Adams is a refreshingly grounded character who draws on the same combination of technical wizardry and lighthearted wonder whether she is grappling with a complex set of notes or rigging up an indoor playground for her cat. She’s dabbled in rocket science, but a stint working at NASA isn’t really what sets her apart – it’s the fact that she couldn’t care less about it.
That same freedom of spirit compelled Adams, who is a classically trained composer, to make the leap to the world of rock when she joined The Low Anthem in 2007. Now, she’s transformed herself once again by carving out a space that is wholly her own within the worlds of lyric writing and orchestral arrangement.
Songs on the11-track album range in sonic and emotional intensity. Adams’ vast aesthetic vision is matched only, and appropriately, by the band’s multifaceted musicianship, which includes Zach Tenorio-Miller on piano, Mike Irwin on trumpet, Robin Ryczek on cello, Ray Belli on drums, Max Johnson on bass, and Charlie Rose on steel banjo and trombone.
In rehearsing, the group drew inspiration from a range of artists, in particular Dirty Projectors, Harry Nilsson, and Leonard Cohen. James Reed writes in The Boston Globe that, “the album’s unique sound is informed as much by Joni Mitchell as it is by Björk’s sonic experiments and sweeping film soundtracks.”
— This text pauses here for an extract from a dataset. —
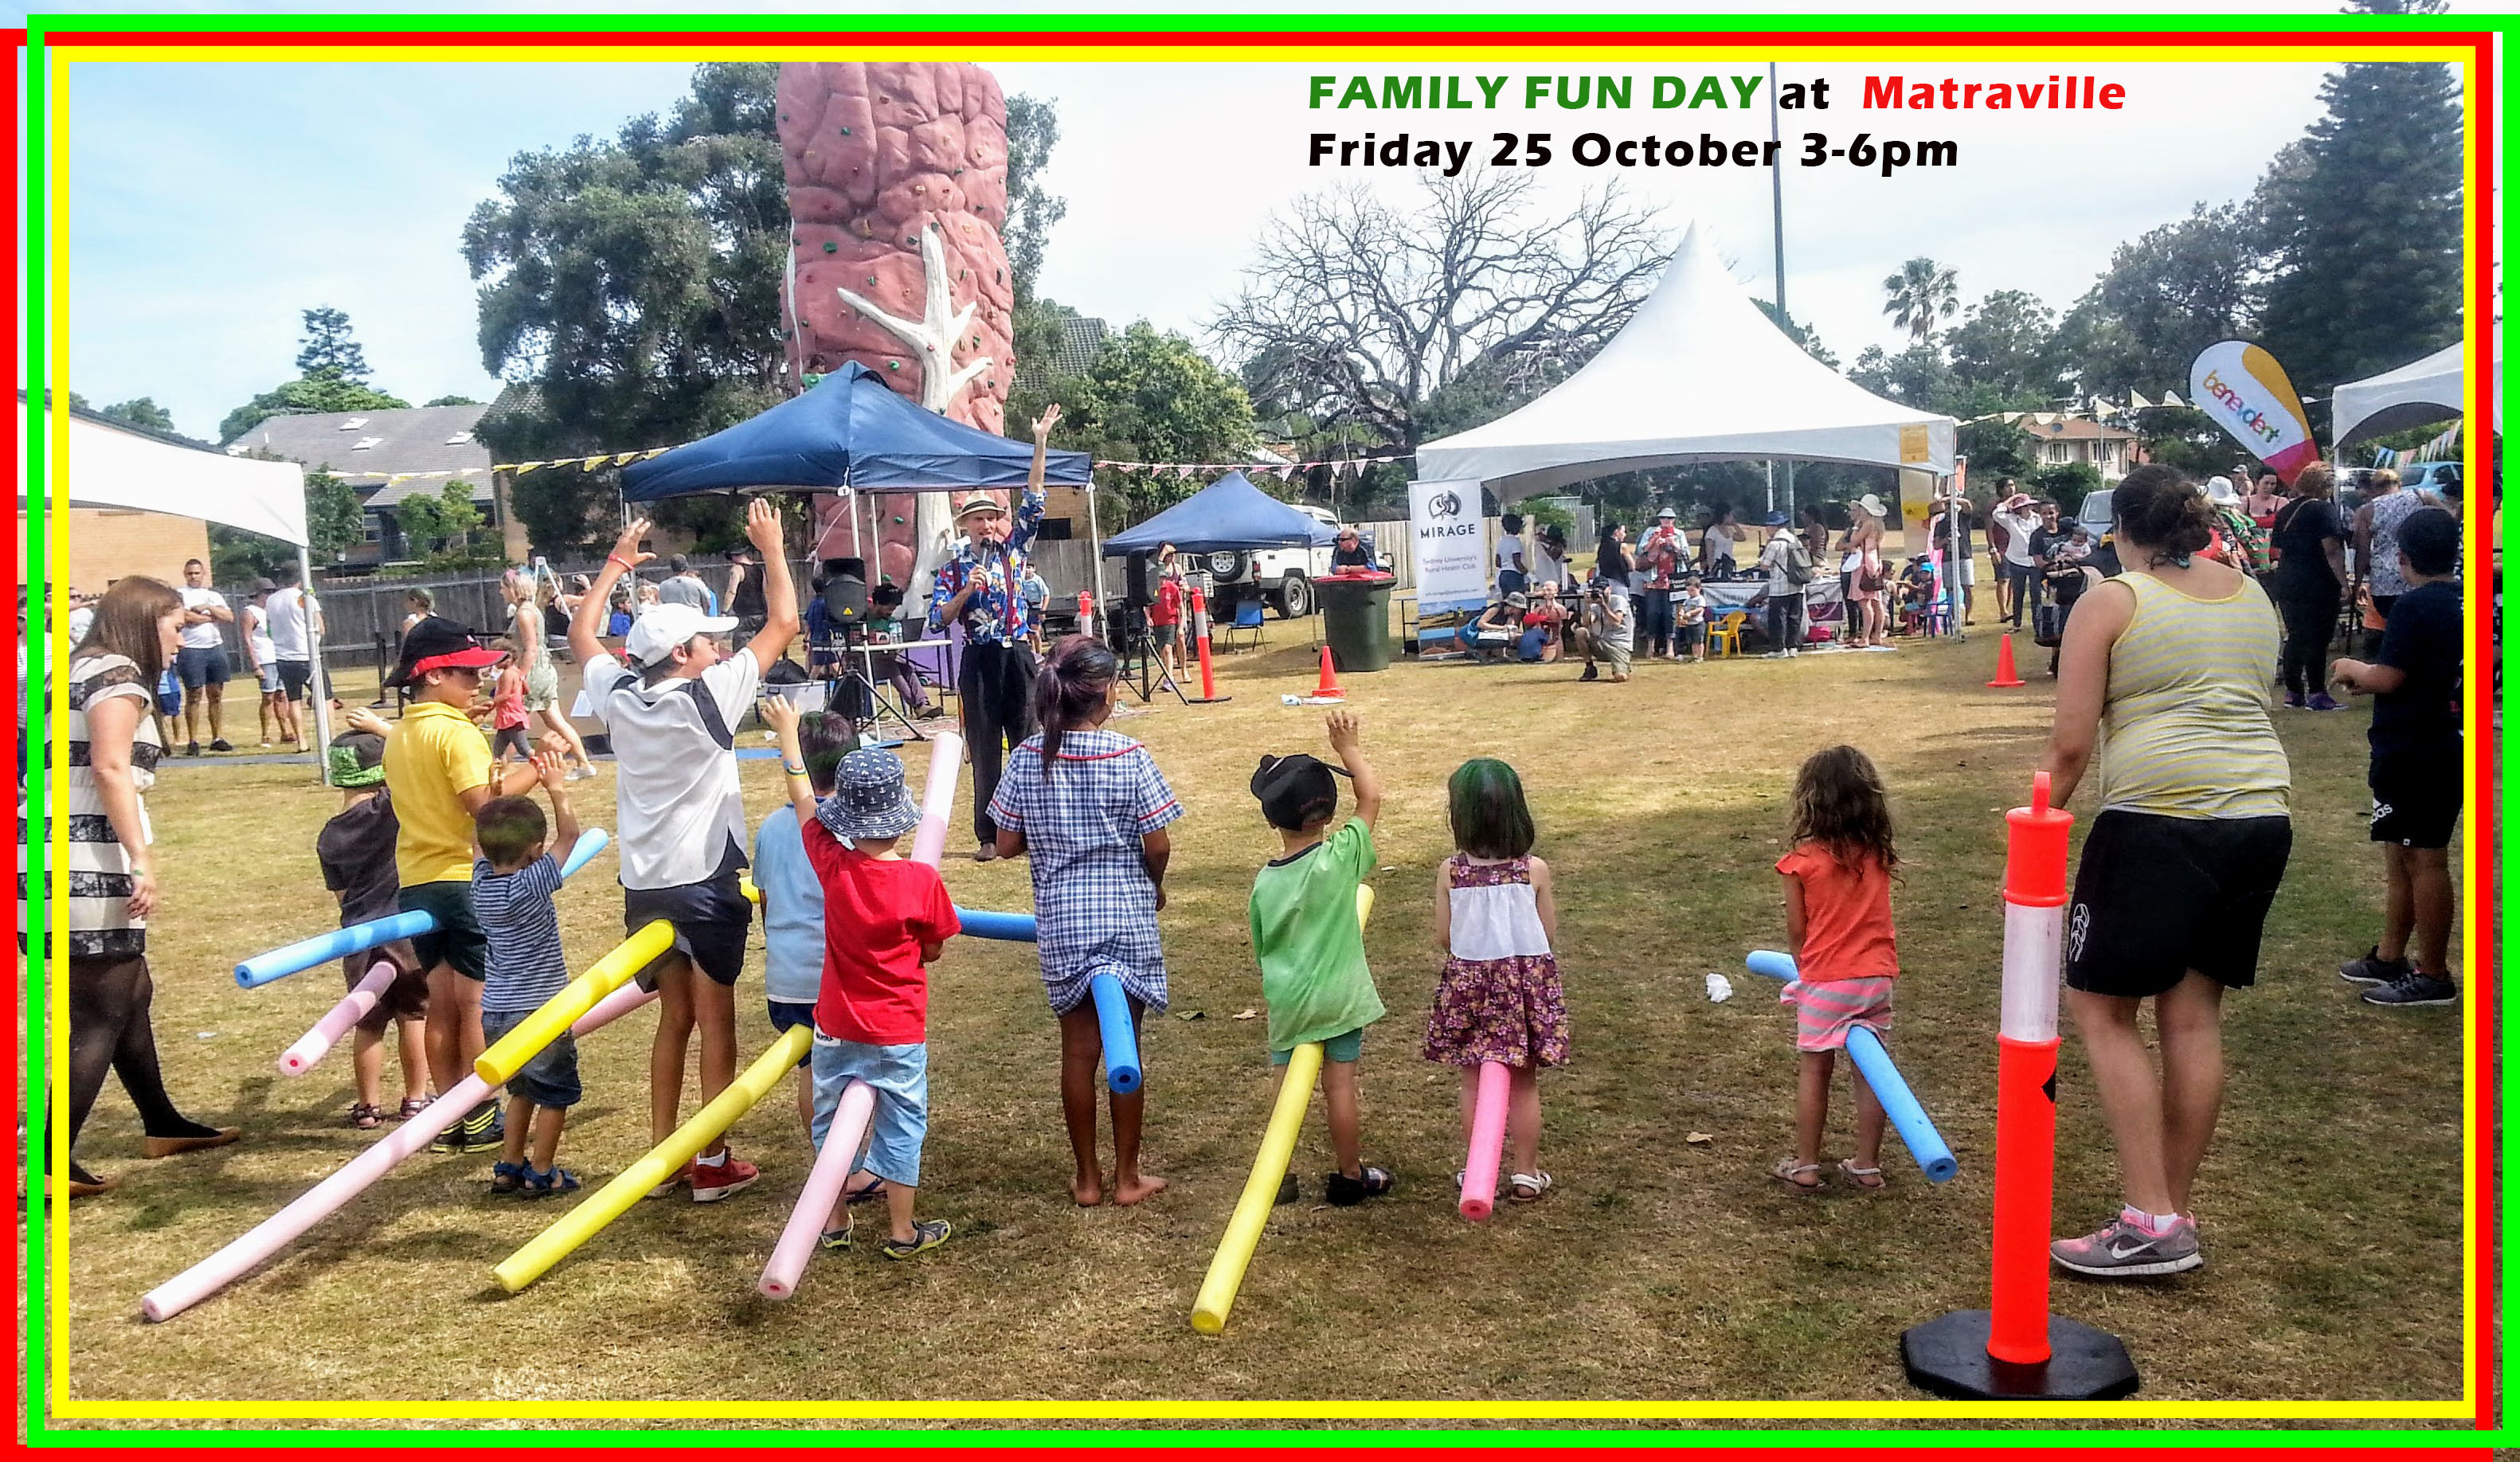 poster for family fun day at Matraville 2019 showing children setting off to race on noodles

Yet while songs on the album pull just as readily from 19th century cello and 1970s pop, what emerges cannot be called mere eclecticism. Adams’ style is highly focused at every twist and turn, creating an aesthetic where juxtaposed edges are sharpened rather than blunted.
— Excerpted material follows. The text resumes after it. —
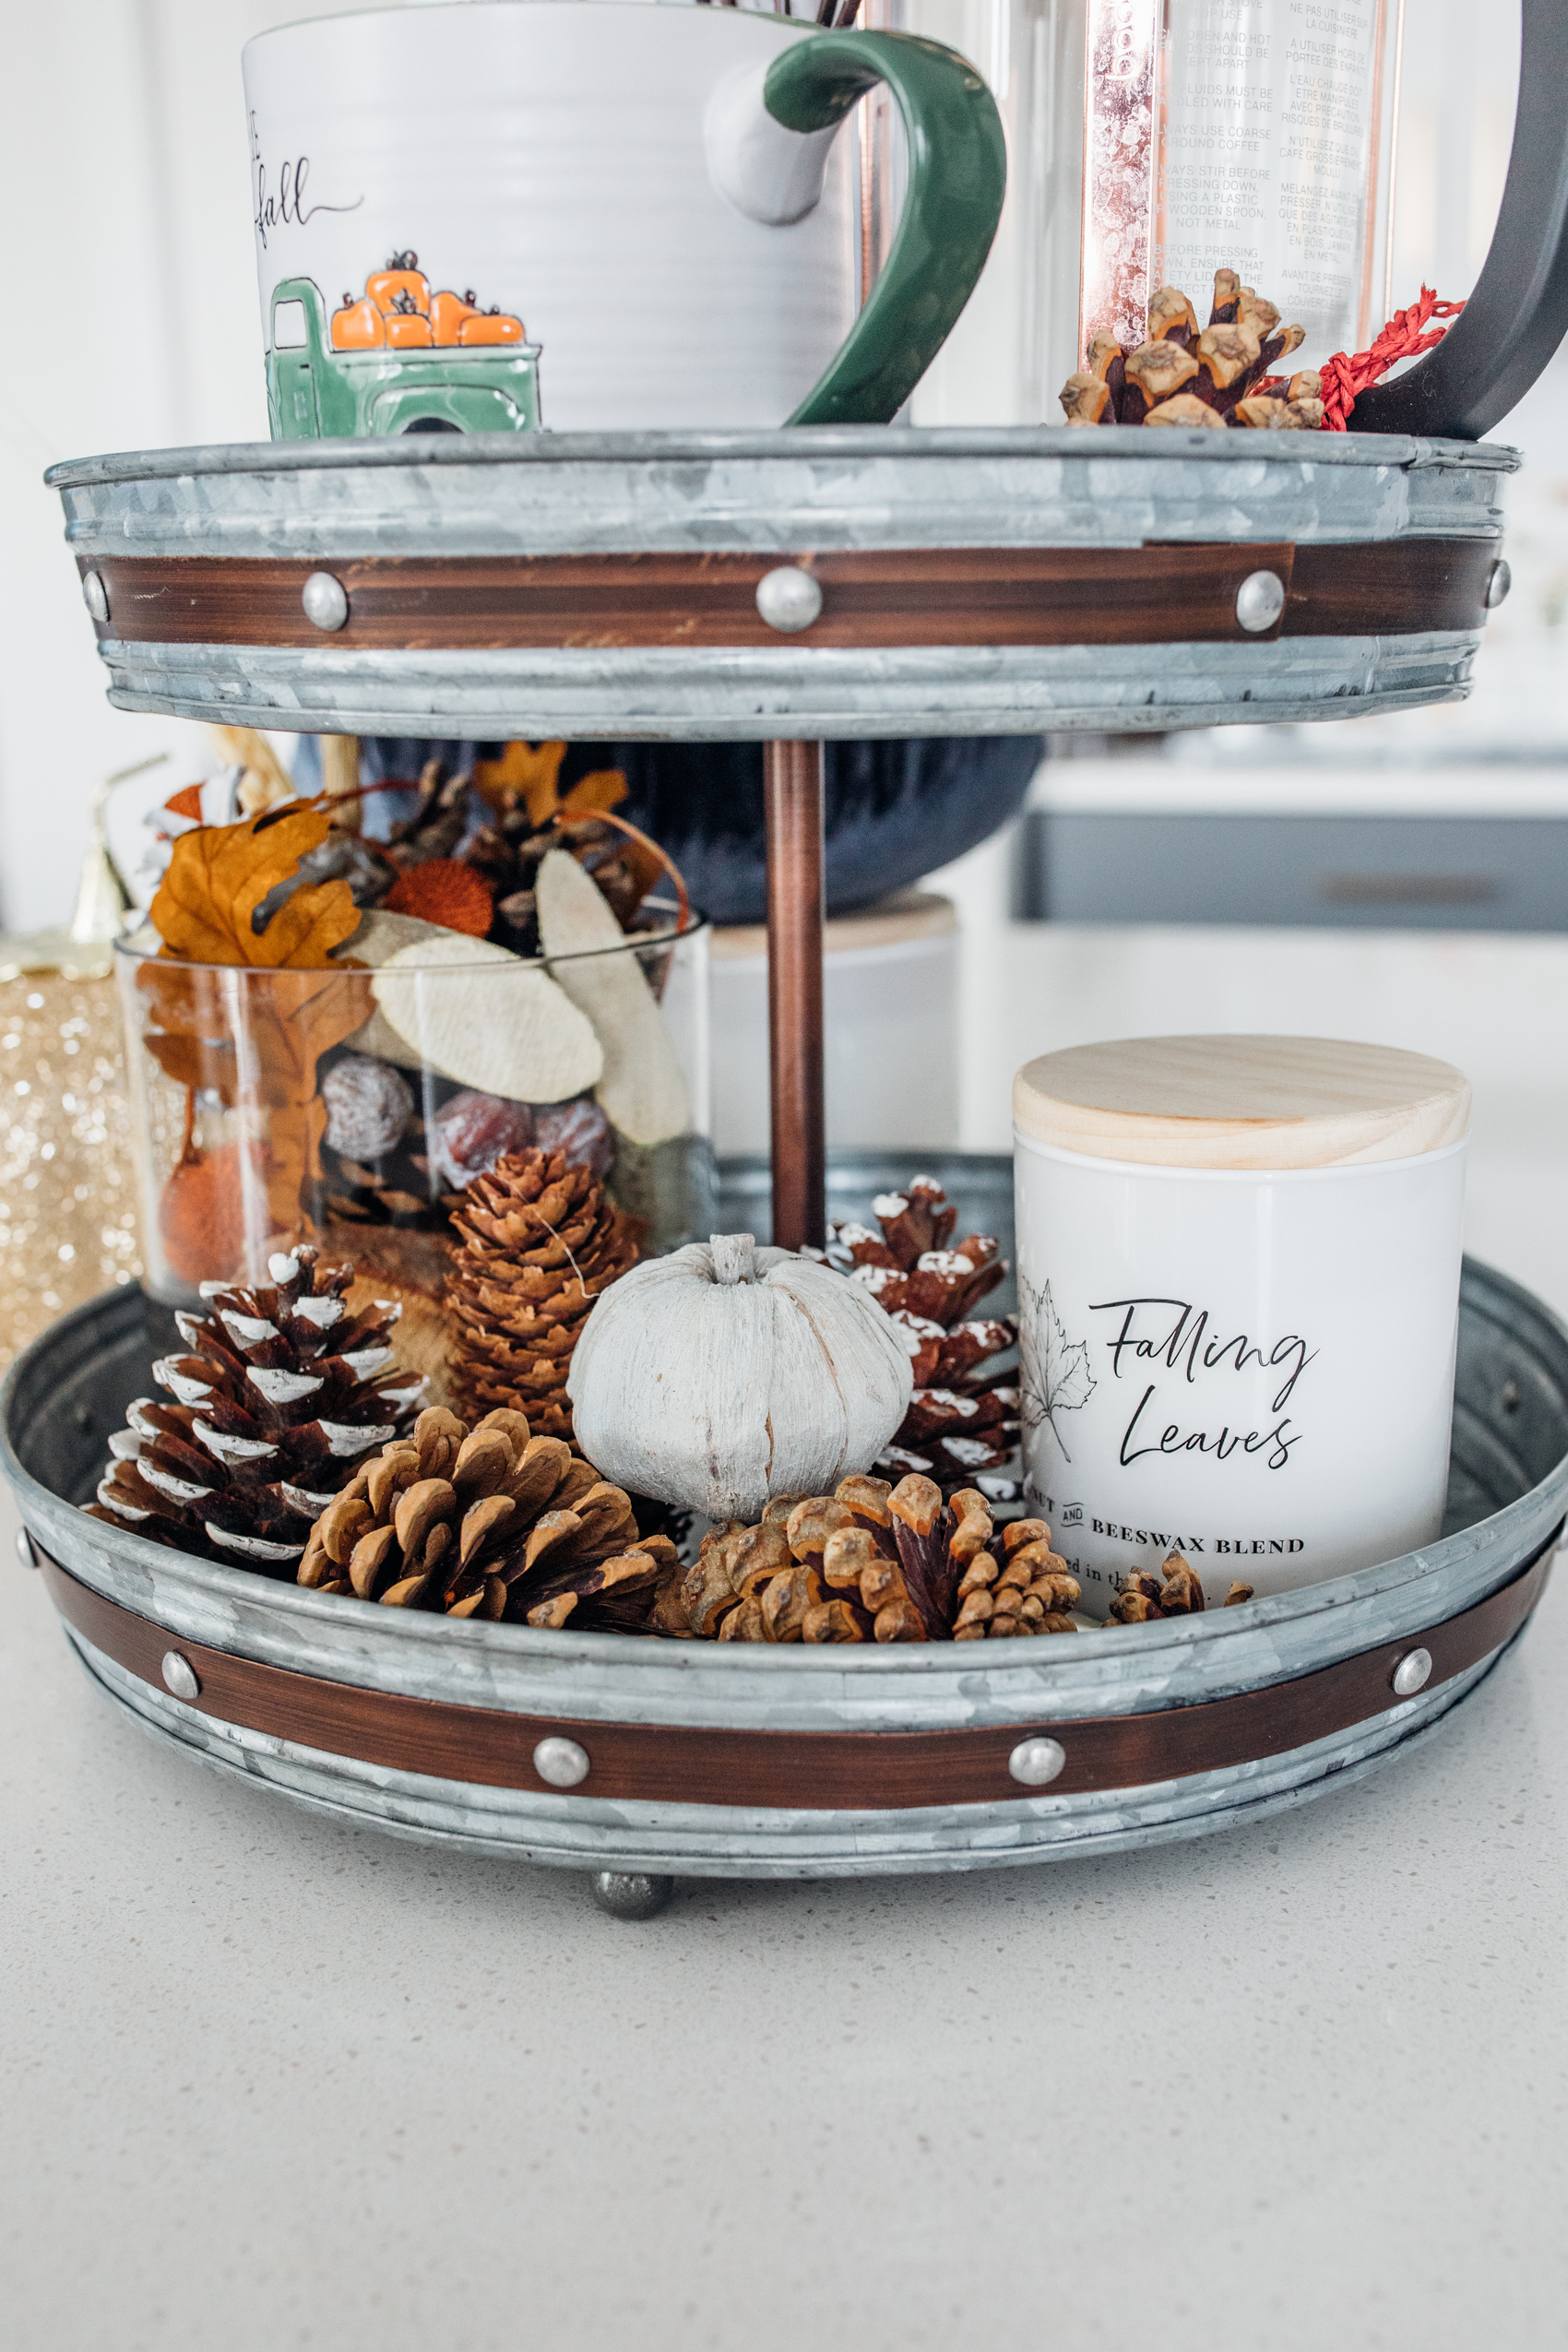 Fall kitchen table decor with pinecones, pumpkins and candles creating a centerpiece

In “Money Gnomes,” the rollicking simplicity of a bluegrass bassline makes room for sweeping, cello-infused turns around the dance floor. Part morning jaunt down a dusty road, part lithe-limbed waltz, the music, like its lyrics, seems to offer potential for adventure and ultimately, in the breathy mantra of its coda, intimacy.
“Swimming,” meanwhile, infuses the wry commentary and piano-draping antics of a folk-cabaret routine with woozy, orchestral impressionism. Saucy trumpet hits and the obsessive ticking of snare and high-hat foreshadow, but never quite give away, the song’s eventual, and eminently satisfying,dissolution into wailing rock outro.
Together the pieces cohere to explore the concept of the new – an experience that is as intoxicating as it is terrifying.
“Arc Iris encapsulates that sense of the future for me,” Adams says, “a sign of something beautiful that will hold my hand for a long time.”
The group’s fearless embrace of juxtaposition is apparent in the way they practice and perform. Members won’t hesitate to spend hours tinkering with a few notes if it means enhancing the synthesis of sound and storytelling.
“We will always try every single idea,” Adams explains.
Yet on stage, disciplined background morphs seamlessly into spontaneous innovation. Band members don’t have set parts, so the group never quite repeats itself two nights in a row. The musicians say that such on-the-spot acts of creation require two key ingredients: mutual trust, and individual nerve. And, they say, “we’ve got a pretty healthy dose of both.”
This rare mix of obsessive attention to detail and quirky playfulness is a distinguishing feature ofArc Iris. This is what makes it possible to have, on the one hand, an album so refined and tightly crafted that it considers everything including the cords that connect one track to the next – and yet on the other hand have the musicians gleefully sum it all up as “mystical rainbow fairy kitten astronauts hurtling through the cosmos.”